BEIJING, April 23 (Xinhua) -- China's trade surplus this year will see a decline from the 2009 level despite a recovery in foreign trade, the People's Bank of China, the central bank, said here Friday.

An increase in orders would push up export growth to more than 20 percent in the second quarter, while import growth would also stay high due to surging domestic demand and rising import prices, said the bank in a report released on its website.

"Exports have returned to pre-crisis levels and imports have hit all-time highs after seasonal adjustments," it said.

The report said China still faced deteriorating trade conditions with rising trade protectionism and the unstable global economic recovery.

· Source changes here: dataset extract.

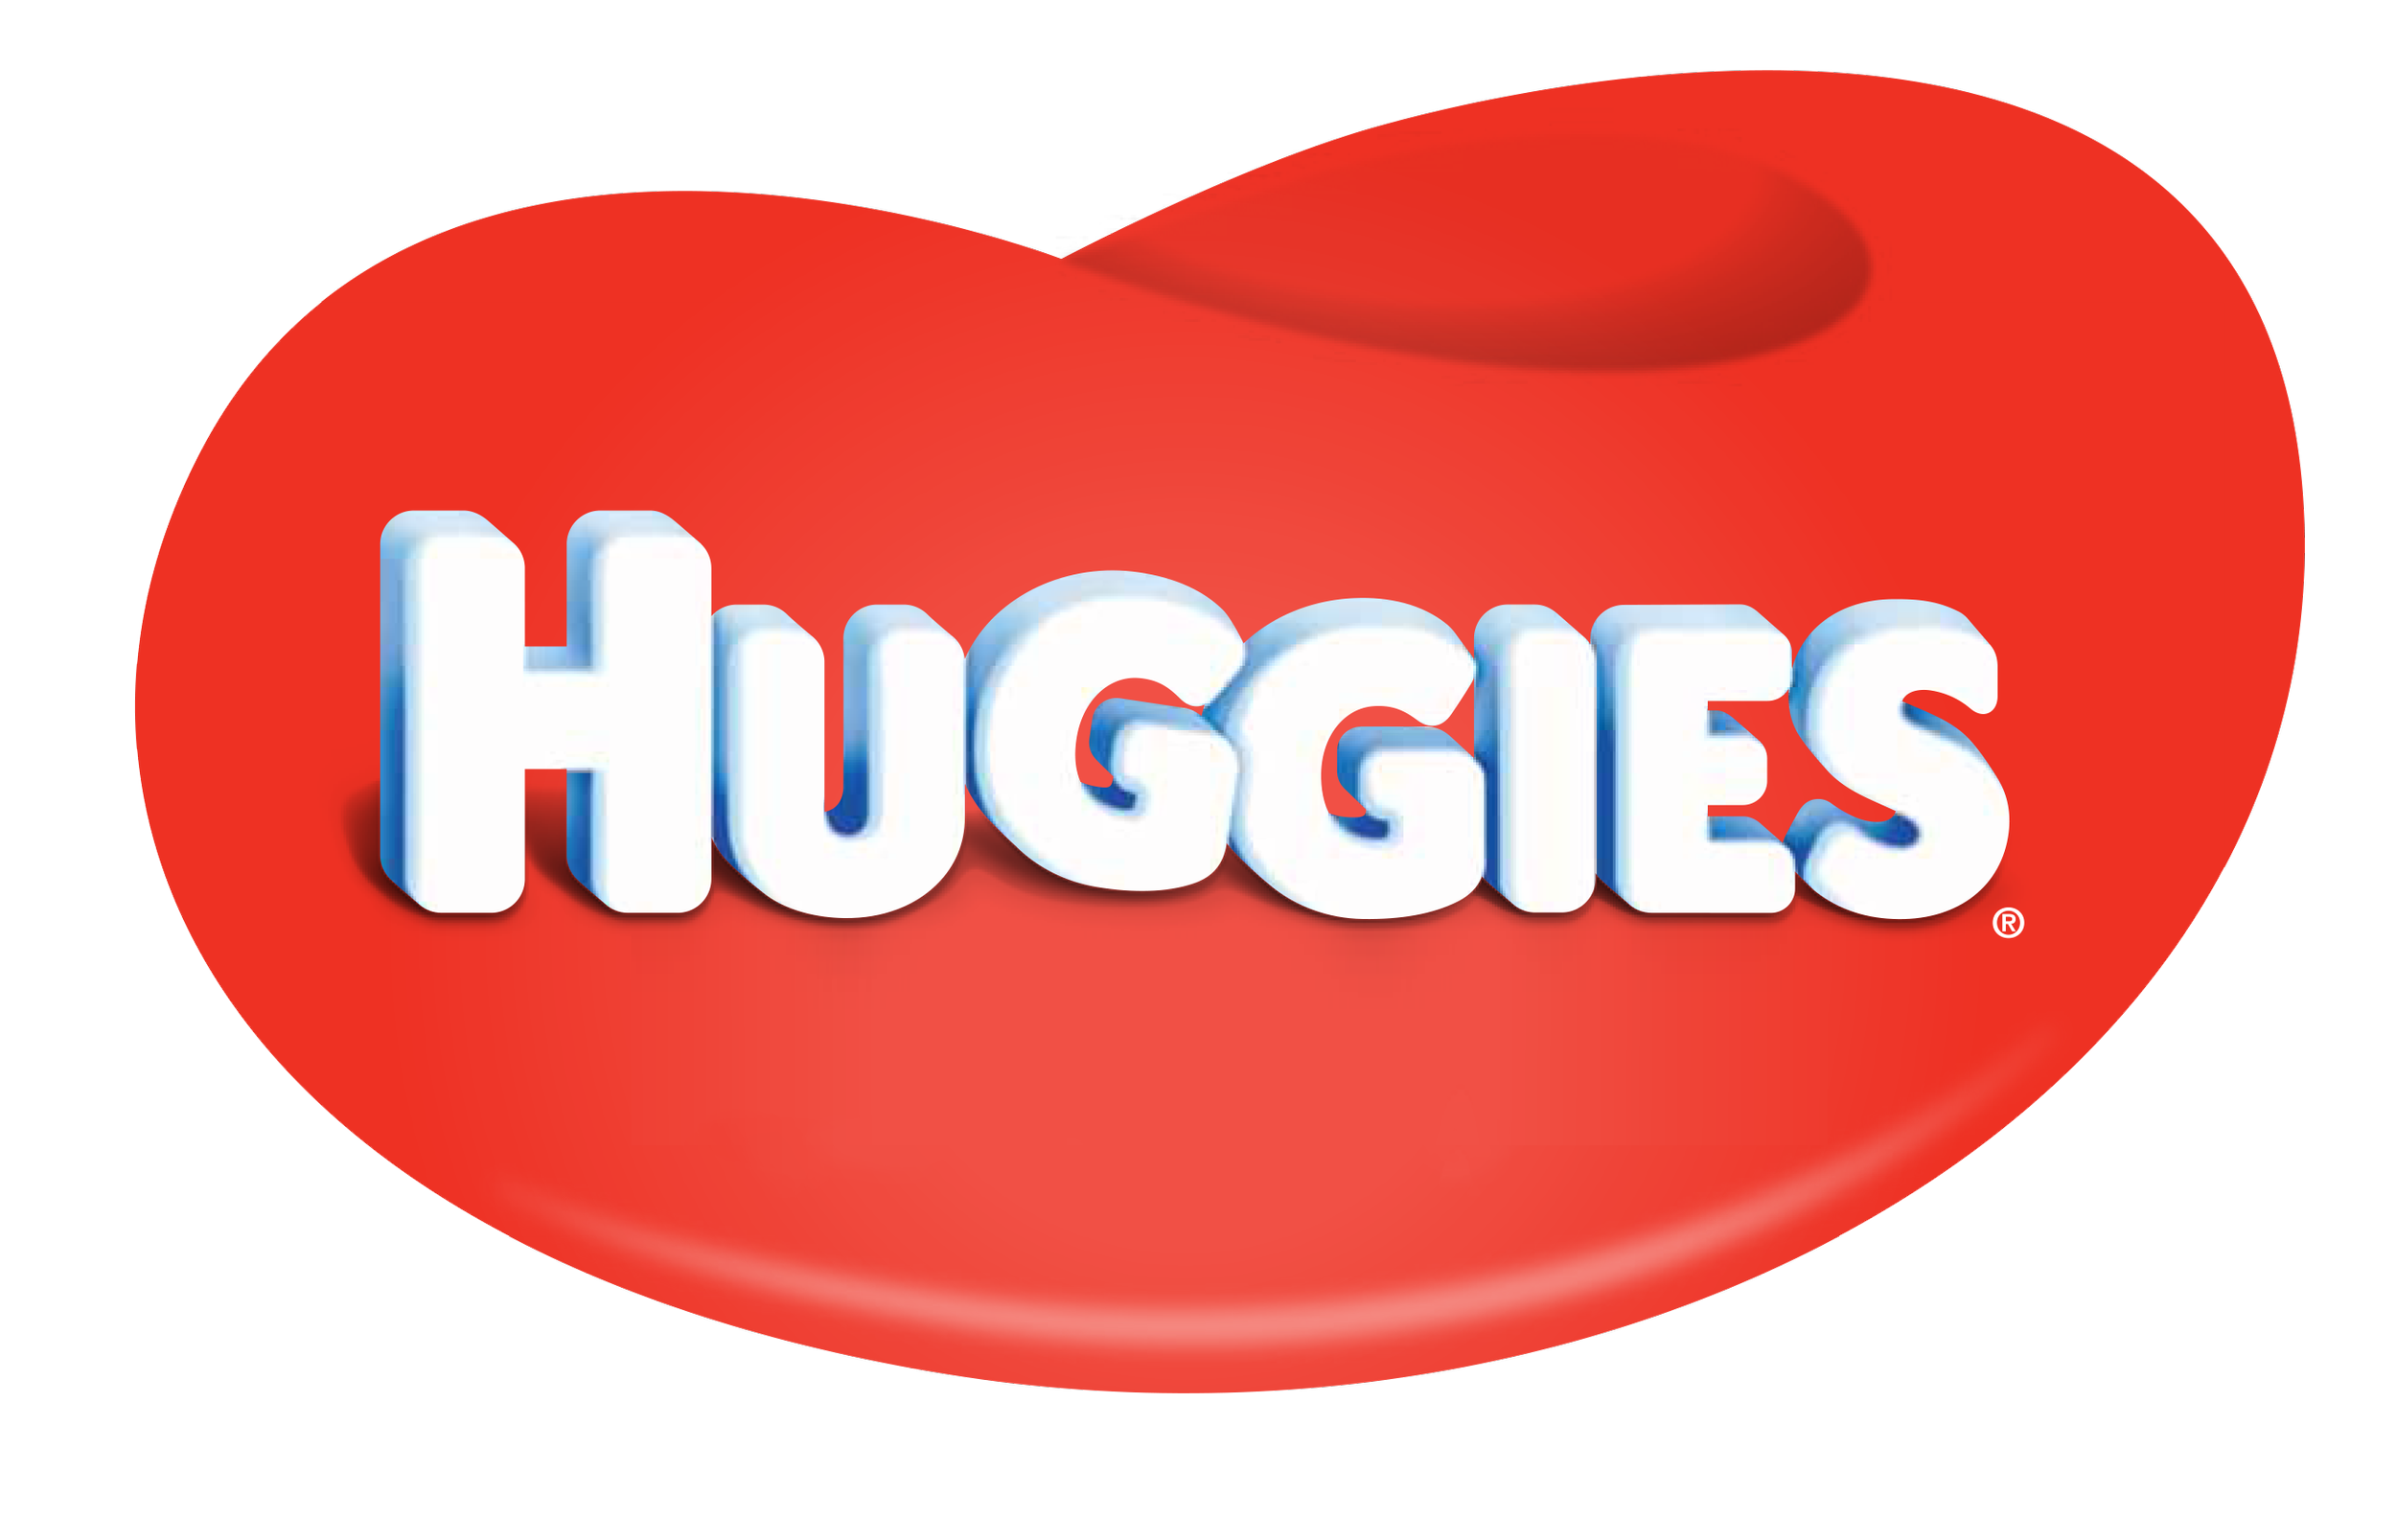 Huggies_RED_BEAN_LOGO_1 without brand or diapers mention (1).png

China's trade surplus stood at 196 billion U.S. dollars last year. March saw its first monthly trade deficit in six years, with exports at 112.11 billion U.S. dollars and imports surging 66 percent to 119.35 billion U.S. dollars.

The country's macro-economy would continue to improve after a better-than-expected 11.9 percent economic growth in the first quarter, said the report, adding, "The Chinese economy has had a good start this year.

"Companies are more willing to invest, while the people are showing stronger consumption demand," it said.

Investment structure had been improved in the first quarter, with private investment rising 30.4 percent year on year, exceeding the 21.1-percent growth of government or state-owned enterprise investment, said the bank.

China's retail sales surged 17.9 percent year on year in the first quarter, and fixed assets investment rose 25.6 percent, data from the National Bureau of Statistics showed.

The bank also noted that "credit controls have seen initial results", as new yuan-denominated loans fell to 2.6 trillion yuan in the first quarter, 1.98 trillion yuan less than the corresponding period last year.

The government has stated that the proactive fiscal policy and relatively easy monetary policy would continue this year, while repeatedly warning of assets bubbles, inflation risks and overheating industries.

Soaring commodity prices were one of the government's major concerns, as the consumer price index, the main gauge of inflation, rose 2.4 percent year on year in March, nearing the government's upper limit of 3 percent inflation this year.

The bank said it would continue to strengthen liquidity management and keep an "appropriate" growth of money supply, so as to maintain stable prices and strike a balance between maintaining economic growth, adjusting the economic development model and avoiding inflation risks.